## Tokenization

Text preprocessing is one of the most important first steps in the process of using text for gaining insights. This is one of the most tiring and time consuming as well if we are not using the right tools and techniques. 

Python has wide range of tools available at our disposal for making this step a very easy to follow process. In this notebook we are going to look at the ways in which we can do tokenization. Tokenization is the process of turning the string into small chunks. These small chunks can be anything from words to sentences. All this depends on your usecase and how you are planning to preprocess the data for your text mining.

There are mutliple ways to perform word tokenization.
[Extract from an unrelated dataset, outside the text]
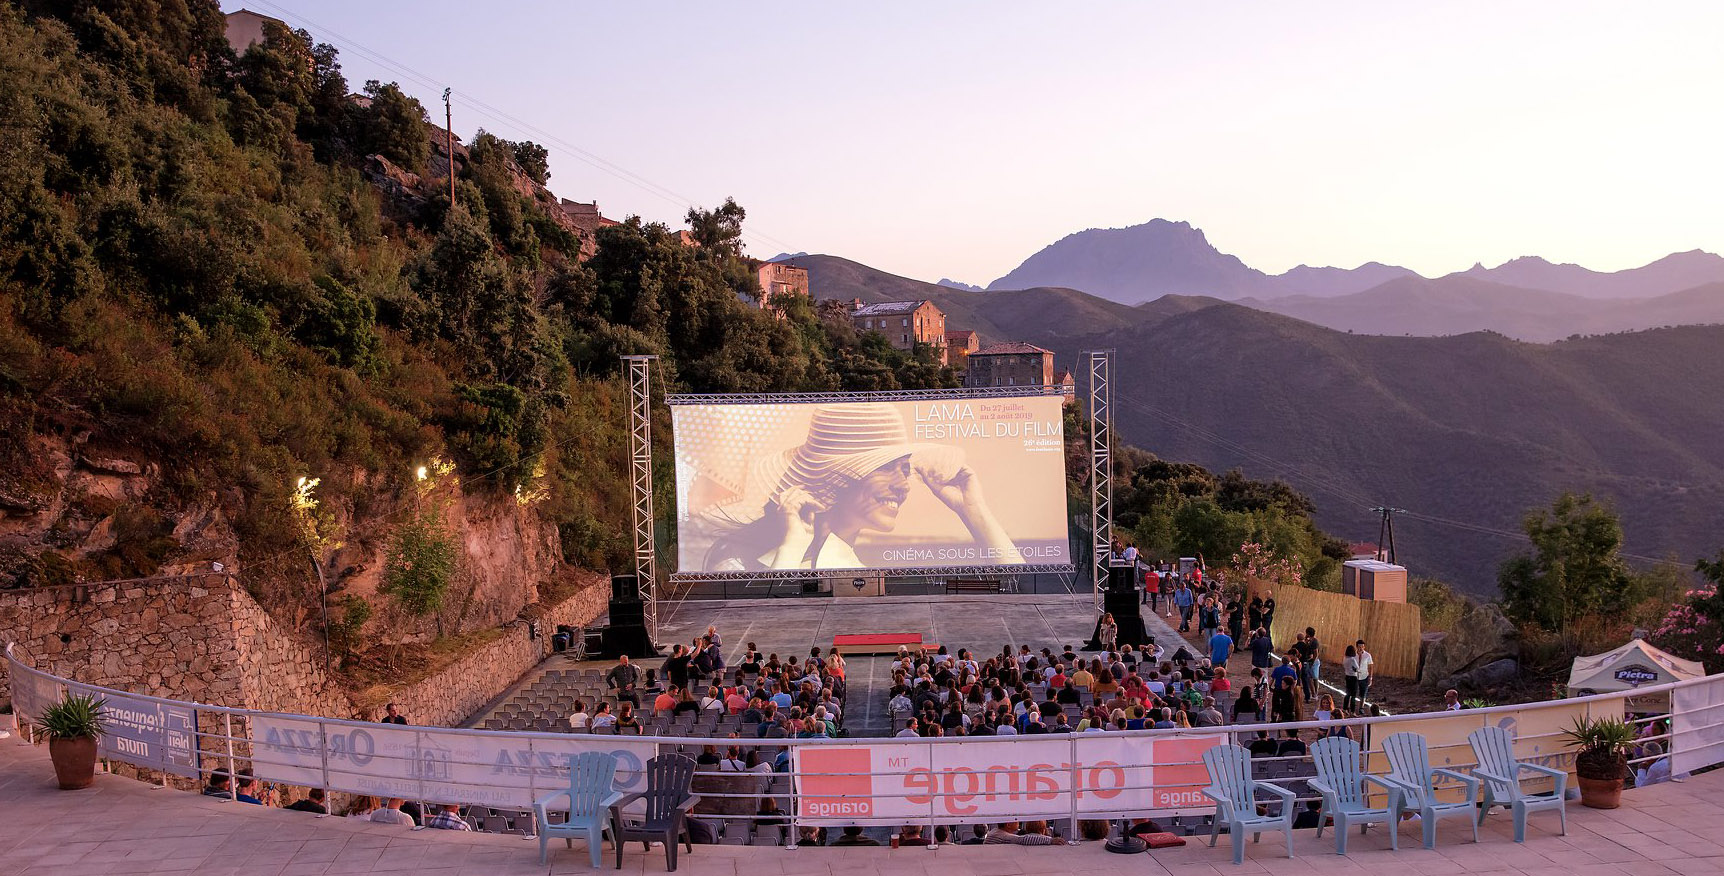 Le site de la piscine - Festival du film de Lama 2019 ©Novellart-2b
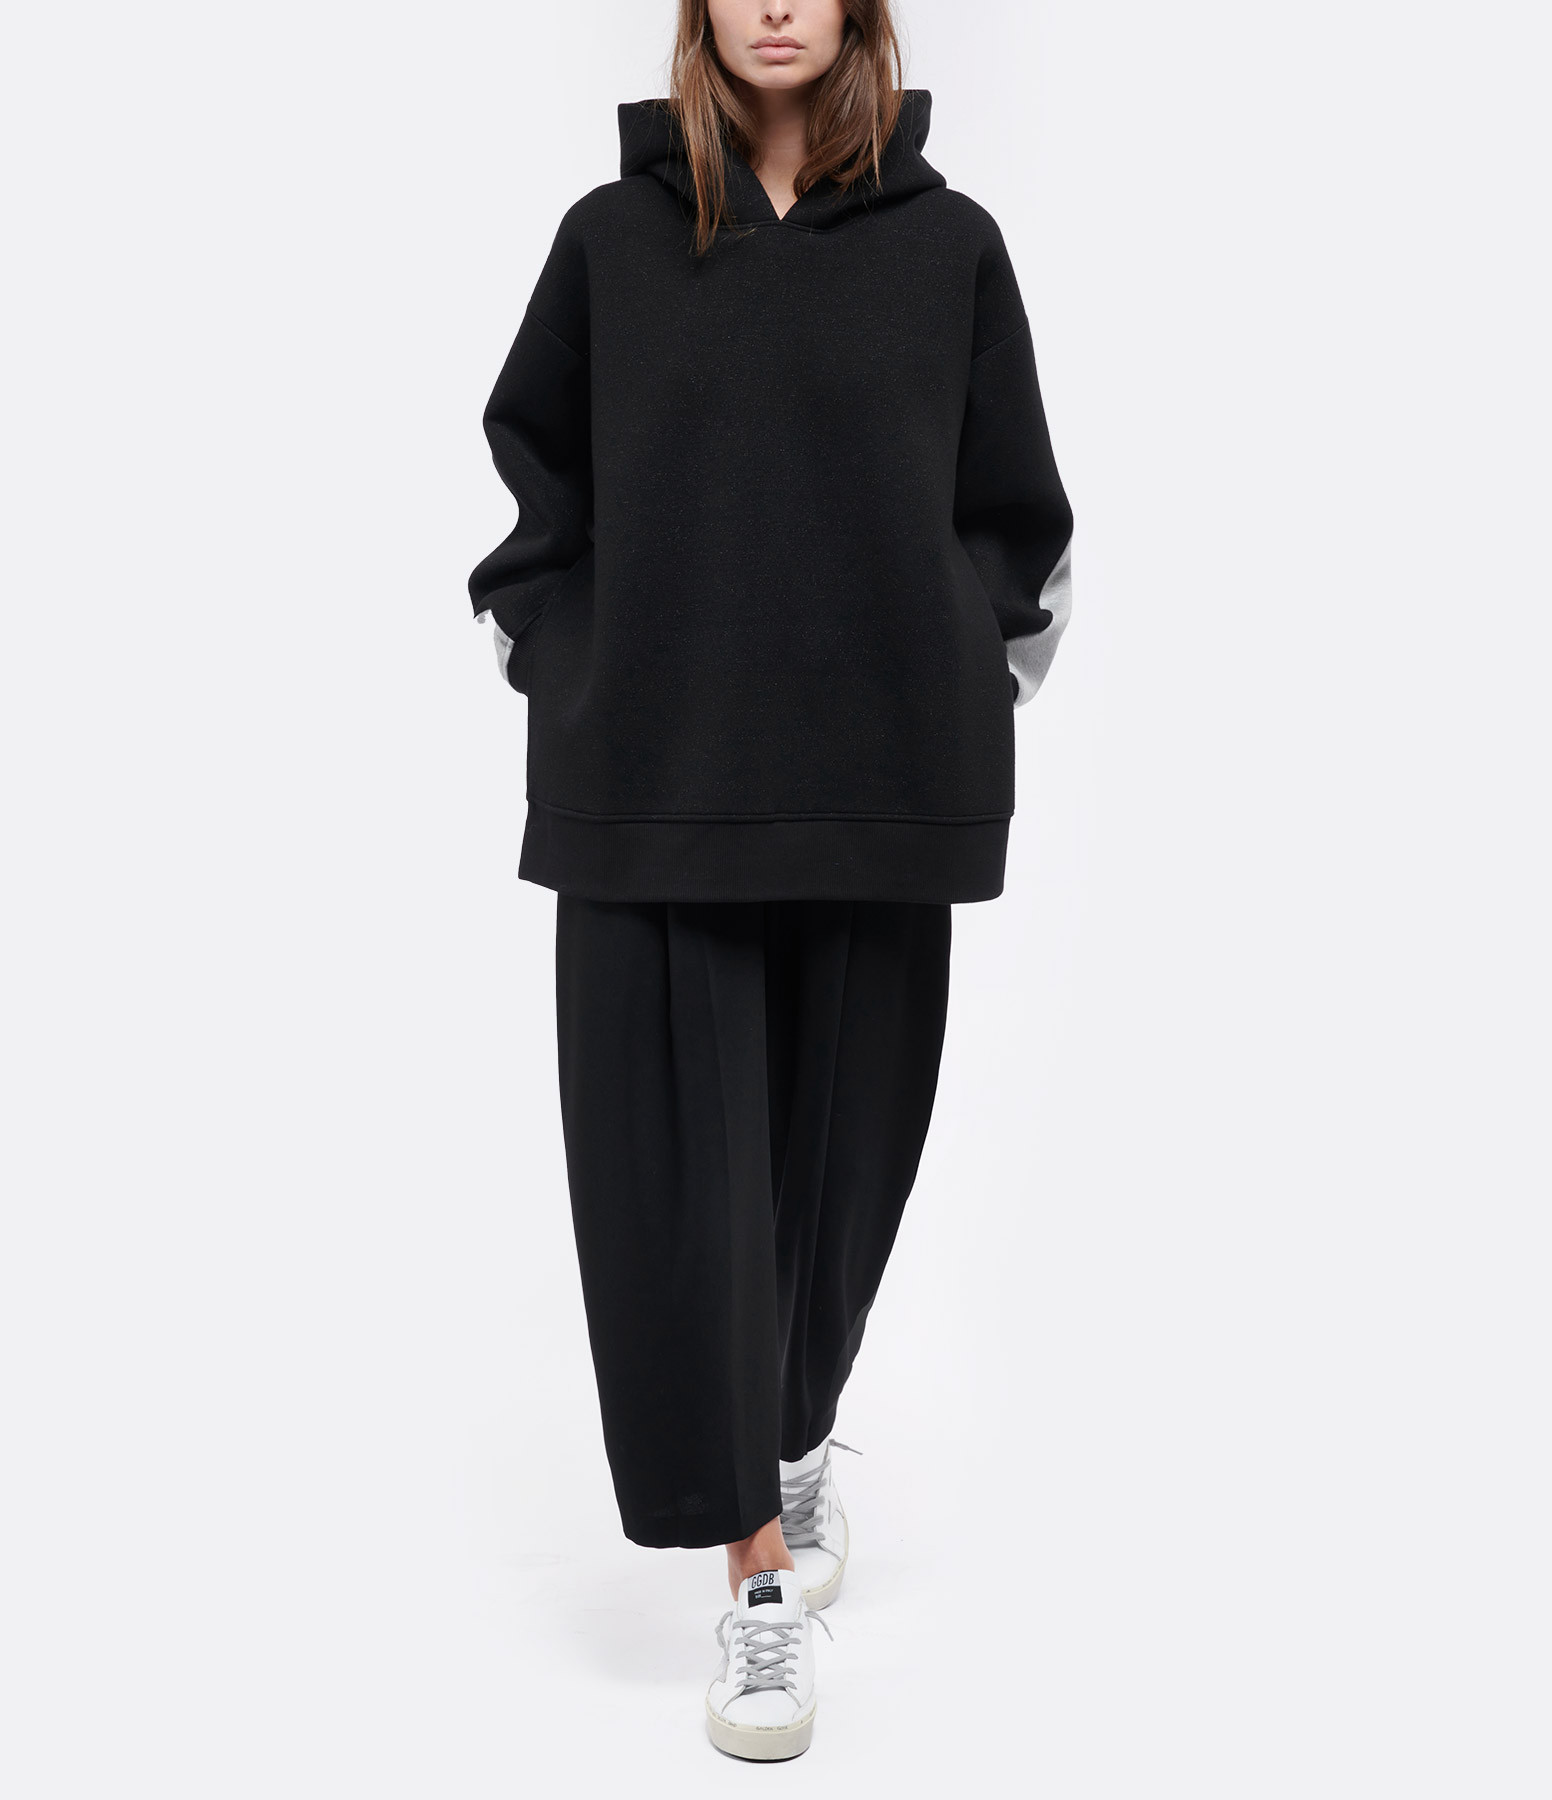 MM6 MAISON MARGIELA - Sweatshirt Oversize Gris Noir

Here we will look at some of the examples.

### Basic Tokenizer

In [6]:
### Simplest word tokenization using space to split up the text or document
text = "State delegate equivalents are calculated from the results of the second alignment at each caucus location."
text.split(' ')

['State',
 'delegate',
 'equivalents',
 'are',
 'calculated',
 'from',
 'the',
 'results',
 'of',
 'the',
 'second',
 'alignment',
 'at',
 'each',
 'caucus',
 'location.']

### NLTK word tokenizer

In [12]:
import nltk
#nltk.download('punkt')
from nltk.tokenize import word_tokenize

### NLTK Word Tokenizer more clean way of tokenizing the text
text = "State delegate equivalents are calculated from the results of the second alignment at each caucus location."
word_tokenize(text)

['State',
 'delegate',
 'equivalents',
 'are',
 'calculated',
 'from',
 'the',
 'results',
 'of',
 'the',
 'second',
 'alignment',
 'at',
 'each',
 'caucus',
 'location',
 '.']

NLTK word tokenizer helps us to tokenize the text and special characters separately which will make the further processer more easier. But this does not work well when we want to tokenize tweets which have hashtags and  we dont want the hashtags to be broken.

<b>Example:</b>


In [61]:
tweet = "#DelhiElections results will be help this week and results will be next week @India"

word_tokenize(tweet)

['#',
 'DelhiElections',
 'results',
 'will',
 'be',
 'help',
 'this',
 'week',
 'and',
 'results',
 'will',
 'be',
 'next',
 'week',
 '@',
 'India']

We do not want the hashtags be tokenized into two with '#' seperately. This does not make sense when analyzing the tweets. How do we tokenize the tweets ? NLTK has tokenizer specially built for tweets.

### NLTK Tweet tokenizer

Tweet tokenizer retains the hashtags and also the tweet handles.

In [62]:
from nltk.tokenize import TweetTokenizer

tknz = TweetTokenizer()
tknz.tokenize(tweet)

['#DelhiElections',
 'results',
 'will',
 'be',
 'help',
 'this',
 'week',
 'and',
 'results',
 'will',
 'be',
 'next',
 'week',
 '@India']

### Tokenizing using Regular Expression

How do I tokenize and extract only the alpha characters from the tweets?

In [63]:
from nltk.tokenize import RegexpTokenizer

RegexpTokenizer('[a-zA-Z]\w+').tokenize(tweet)

['DelhiElections',
 'results',
 'will',
 'be',
 'help',
 'this',
 'week',
 'and',
 'results',
 'will',
 'be',
 'next',
 'week',
 'India']

How to extract only the hashtags using regular expression?

In [64]:
RegexpTokenizer('^#[a-zA-Z]\w+').tokenize(tweet)

['#DelhiElections']

In [65]:
RegexpTokenizer('@[a-zA-Z]\w+').tokenize(tweet)

['@India']

#### Sentence Tokenization

sent_tokenize from nltk helps us to tokenize the document into sentences. This is very different from the word tokenize.

In [47]:
from nltk.tokenize import sent_tokenize
sentences = "Processing raw text intelligently is difficult: most words are rare, and it’s common for words that look completely different to mean almost the same thing. The same words in a different order can mean something completely different. Even splitting text into useful word-like units can be difficult in many languages."
sent_tokenize(sentences)

['Processing raw text intelligently is difficult: most words are rare, and it’s common for words that look completely different to mean almost the same thing.',
 'The same words in a different order can mean something completely different.',
 'Even splitting text into useful word-like units can be difficult in many languages.']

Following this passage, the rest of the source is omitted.